─── INPUT DATA ───

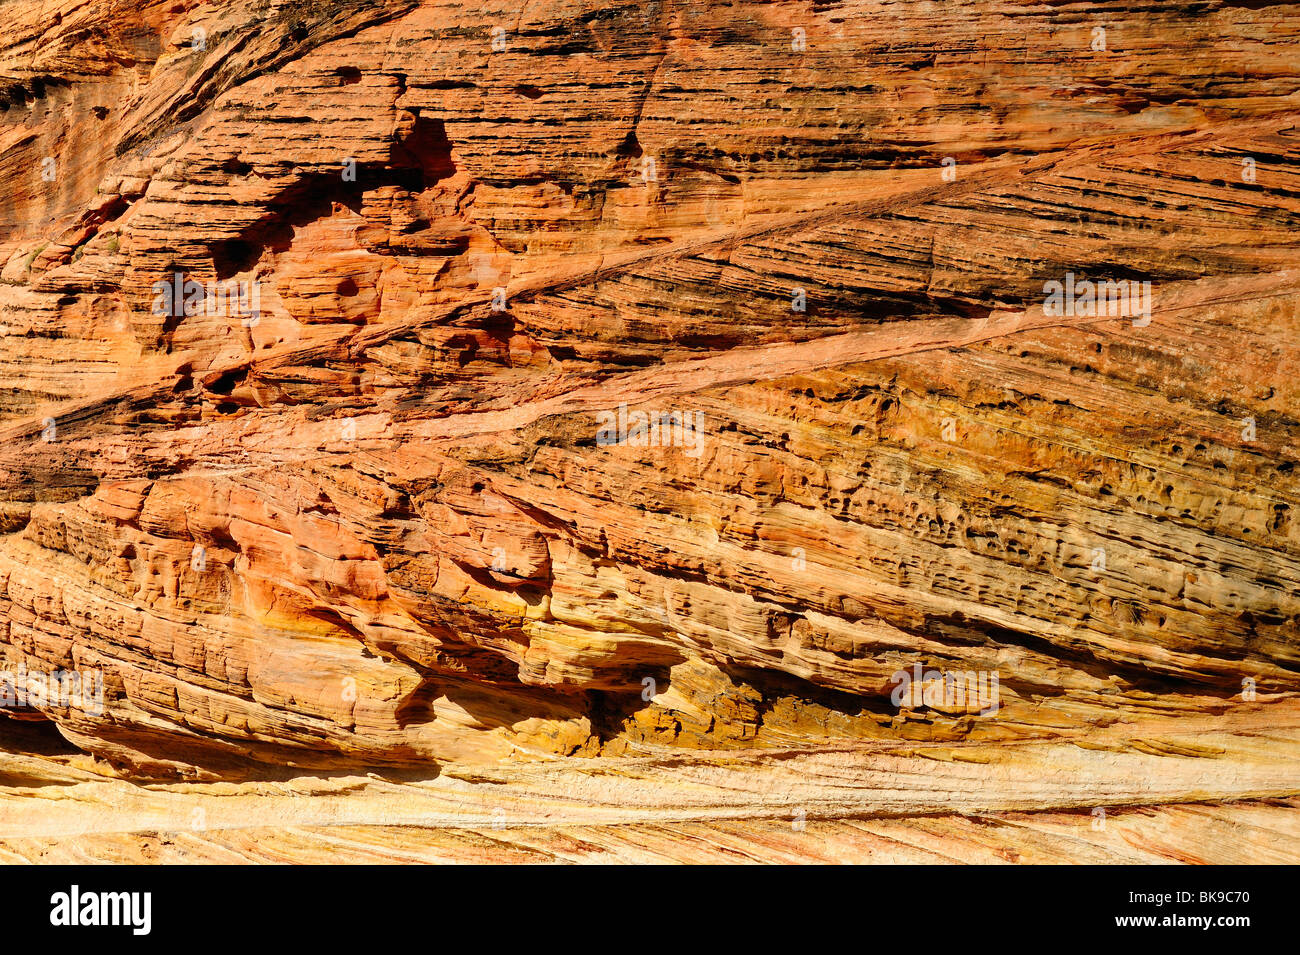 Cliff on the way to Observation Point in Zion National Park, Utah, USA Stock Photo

───
─── INPUT DATA ───

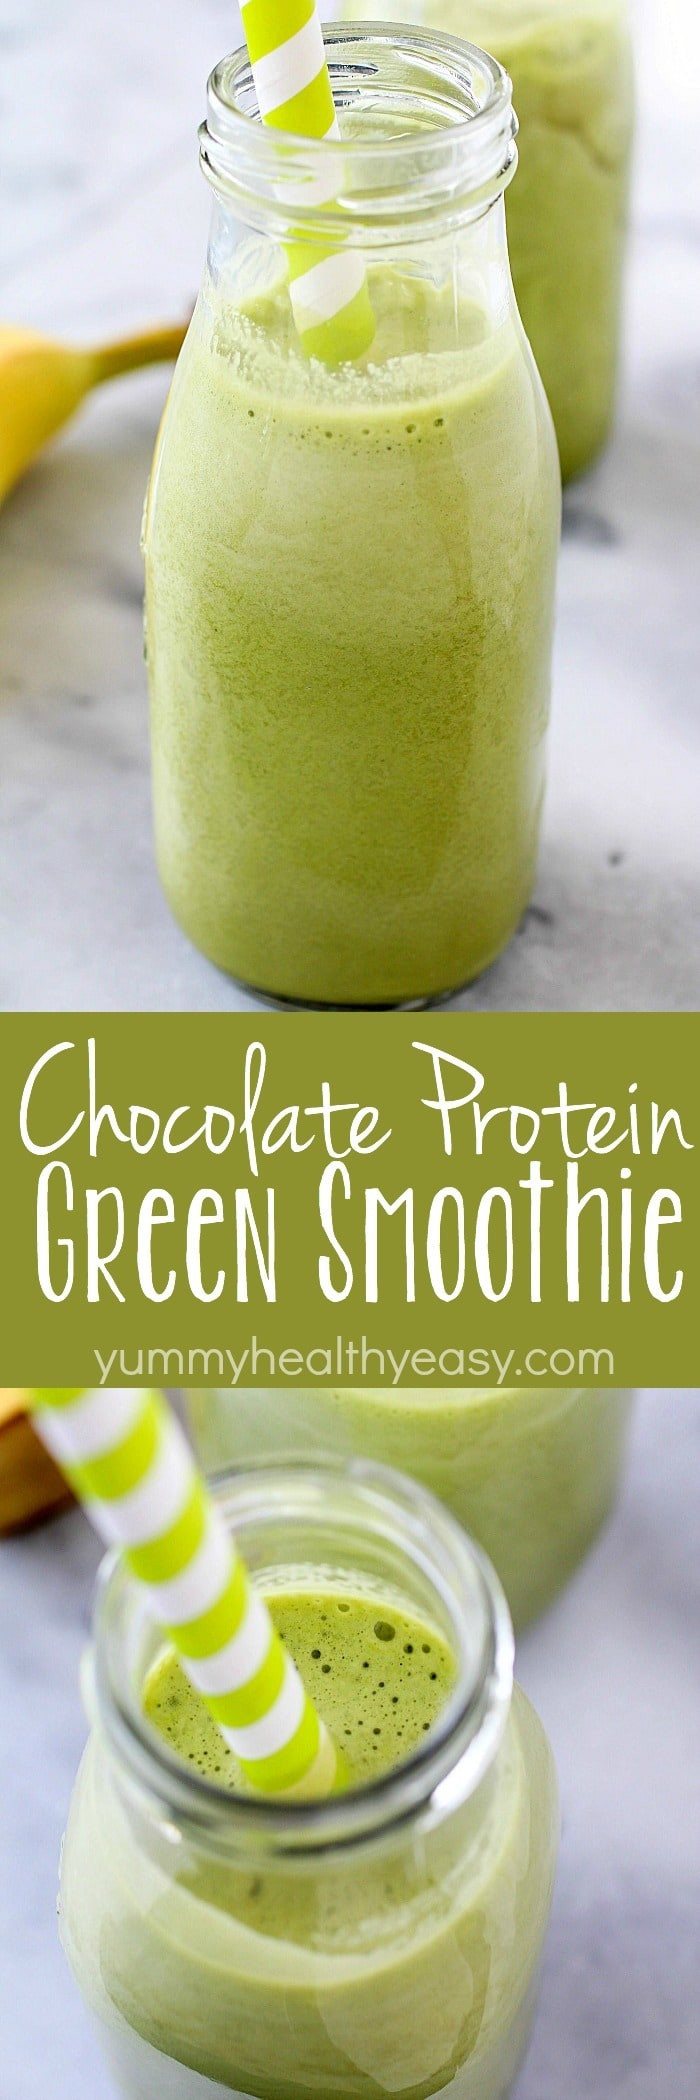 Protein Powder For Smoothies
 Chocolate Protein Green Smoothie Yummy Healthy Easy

───

= EXERCISE BRIEF =
For this task, return exactly the stretch of the listing above from the line with "Protein Powder For Smoothies" through the line with "Chocolate Protein Green", inclusive and without pictures.

= EXERCISE OUTPUT =
 Protein Powder For Smoothies
 Chocolate Protein Green Smoothie Yummy Healthy Easy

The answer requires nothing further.